Downey maintains Ontario has a “very robust” assessment process that involves First Nations and Ottawa has been weighing into areas that the court has advised they don’t have a right to occupy.

“Really what industry wants is one project, one assessment. No one wants that duplication and double process,” said Exner-Pirot.

The court’s opinion, she said provides the provinces with a “lot of ammunition” to fend off federal invention on natural resources issues, at least until the next federal election in two years.

“I think they’re (the province’s) hands are strengthened now, there’s more precedence,” said Exner-Pirot.

In a response to Canadian Press, a spokesperson in Guilbeault’s office said the IAA has delivered better rules to protect the environment and Indigenous rights. Since it came into force, the spokesperson said, major projects have advanced on an expedited timeframe.

Exner-Pirot disputes that, counting only one project - the Haisla Nation’s Cedar LNG facility in Kitimat, B.C. – that’s been approved through the IAA process. 

Others that were approved – like the Port of Vancouver container facility expansion and the Marathon palladium project in northwestern Ontario – were evaluated under the old environmental assessment regime. There still remains a lengthy backlog of projects still in the queue, she said.

“That in itself is unacceptable to me, that four years is not enough lead time for projects to start to move through.”

For proof that investment interest in Canada is declining, she points to Natural Resources Canada’s inventory of major projects. In 2015, the combined potential capital value was estimated at $711 billion.
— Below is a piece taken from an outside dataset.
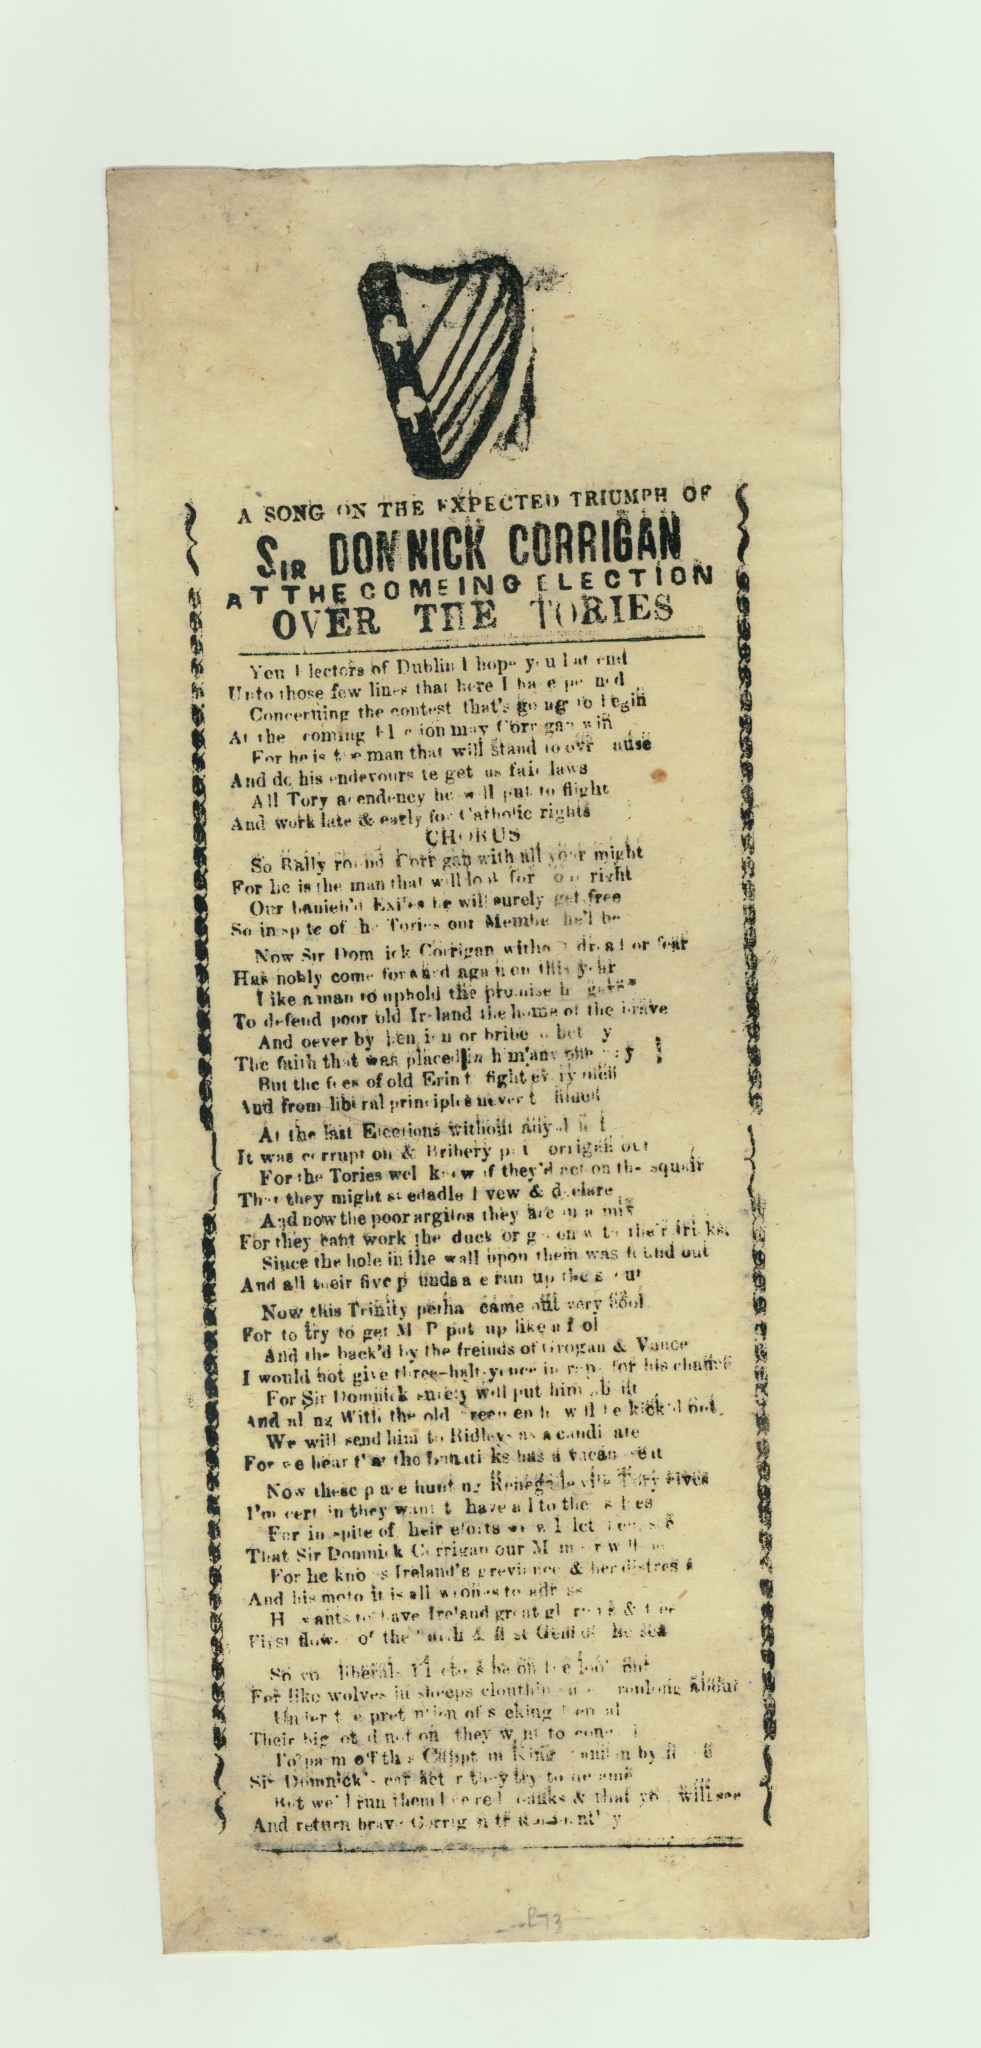 &quot;A Song on the Expected Triumph of Sir Domnick Corrigan at the Coming Election Over the Tories&quot;

It’s since plunged to $520 billion last year.

Federal Natural Resources Minister Jonathan Wilkinson has often evoked the spirit of intergovernmental collaboration when it came to Ottawa’s critical minerals strategy.  

He said Ottawa and the provinces can cooperate to avoid unnecessary regulatory duplication and get more mines into production, quicker. 

But the wide-ranging application of the IAA only added to the confusion and it was frustrating the provinces. Alberta’s and Ontario’s legal challenges to strike down the act proves that their patience has run out. 

“The provinces have finally had enough,” said Exner-Pirot, “and they’re going to start playing offense a bit more.”